Scout commands are discovered under scout_commands across installed packages using the Path subsystem. The dispatcher resolves nested commands by adding terms until a file is found to execute; if you stop on a directory, it lists available subcommands.

  • General pattern:
    • scout [ ...] [options] [args...]
  • Examples relevant to Python integration (executed from Ruby CLI but callable from Python via scout.run_job):
    • scout workflow task [task-input-options...]
    • scout workflow prov
    • scout workflow info

Notes

  • The bin/scout launcher walks scout_commands/… across packages; Workflows and other packages can add their own commands and they will be discovered
  • See the Workflow, TSV, and KnowledgeBase docs for their CLI suites:
    • TSV: scout tsv …
    • Workflow: scout workflow …
    • KnowledgeBase: scout kb …

scout-rig itself does not register standalone CLI commands; instead, its Python wrapper invokes the existing Ruby CLI to run jobs from Python.


Reference

Read the full module guide in doc/Python.md. For core building blocks referenced above, see these docs in scout-essentials and scout-gear:

  • Annotation.md, CMD.md, ConcurrentStream.md, IndiferentHash.md, Log.md, Open.md, Path.md, Persist.md, TmpFile.md
  • TSV.md, Workflow.md, KnowledgeBase.md, Association.md, Entity.md, WorkQueue.md, Semaphore.md

Examples

Direct PyCall with imports:

ScoutPython.run 'numpy', as: :np do
  a = np.array([1,2,3])
  a.sum            # PyObject; convert with to_i if needed
end

Script with a returned value and TSV round‑trip:

tsv = TSV.setup({}, "Key~ValueA,ValueB#:type=:list")
tsv["k1"] = ["a1", "b1"]; tsv["k2"] = ["a2", "b2"]

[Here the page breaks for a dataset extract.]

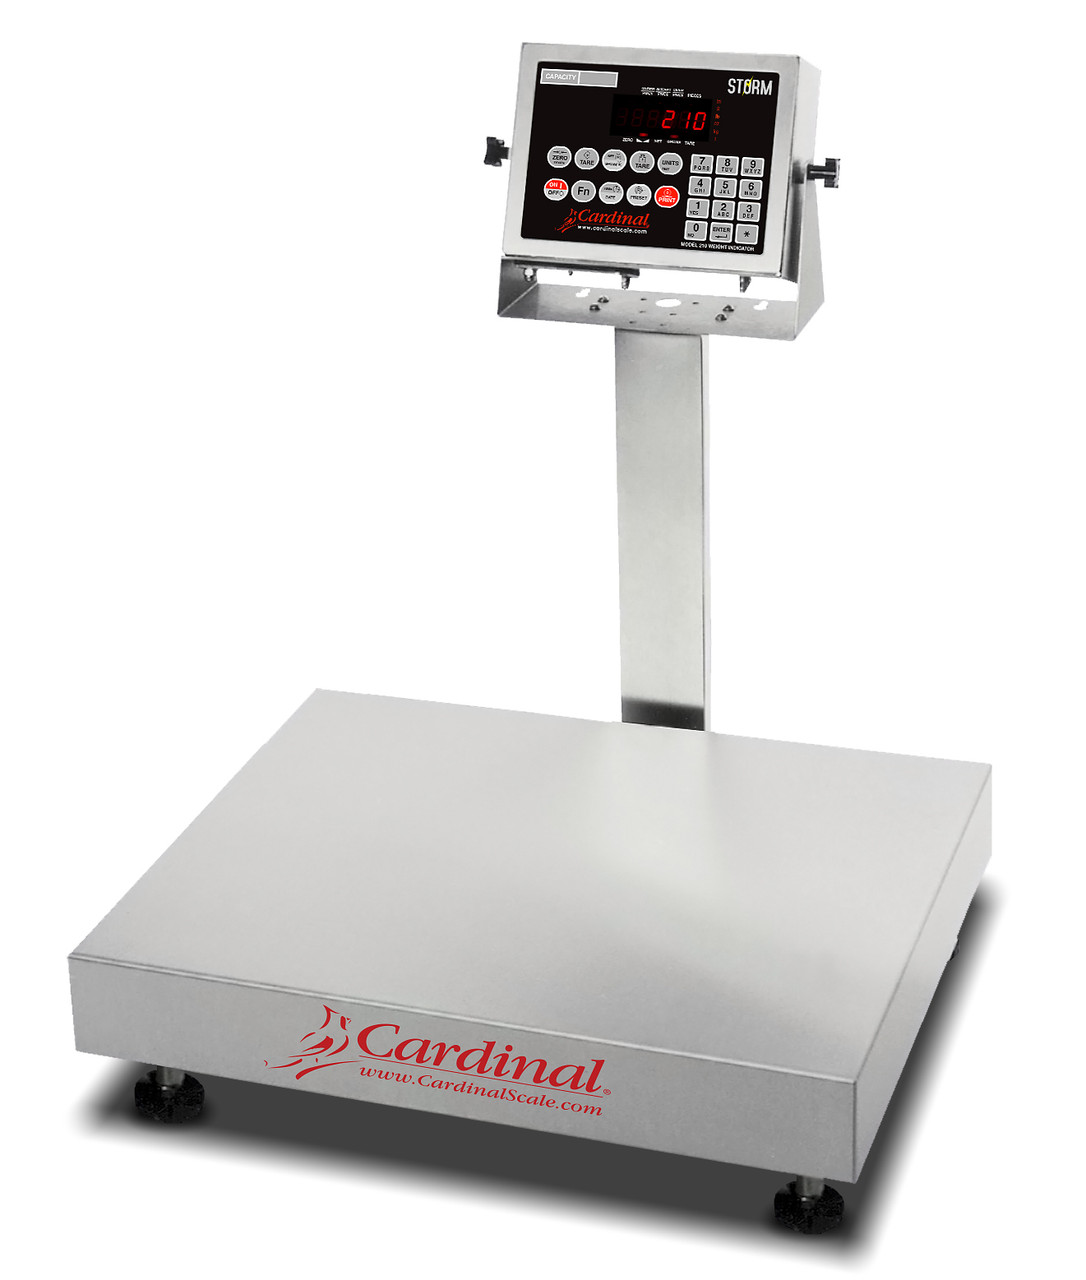 Cardinal Detecto 300 Lb Electronic Bench Scale 24" x 20" Stainless Steel 210 Indicator, Model# EB-300-210

TmpFile.with_file do |target|
  result = ScoutPython.script <<~PY, df: tsv, target: target
    import scout
    result = df.loc["k2", "ValueB"]
    scout.save_tsv(target, df)
  PY
  # result == "b2"; target contains the saved TSV
end

numpy conversion:

ra = ScoutPython.run :numpy, as: :np do
  na = np.array([[[1,2,3], [4,5,6]]])
  ScoutPython.numpy2ruby(na)
end
ra[0][1][2] # => 6

Run workflows from Python:

import scout.workflow as sw

wf = sw.Workflow('Baking')
step = wf.fork('bake_muffin_tray', add_blueberries=True, clean='recursive')
step.join()
print(step.load())

Contributions and issues are welcome in their respective GitHub repositories.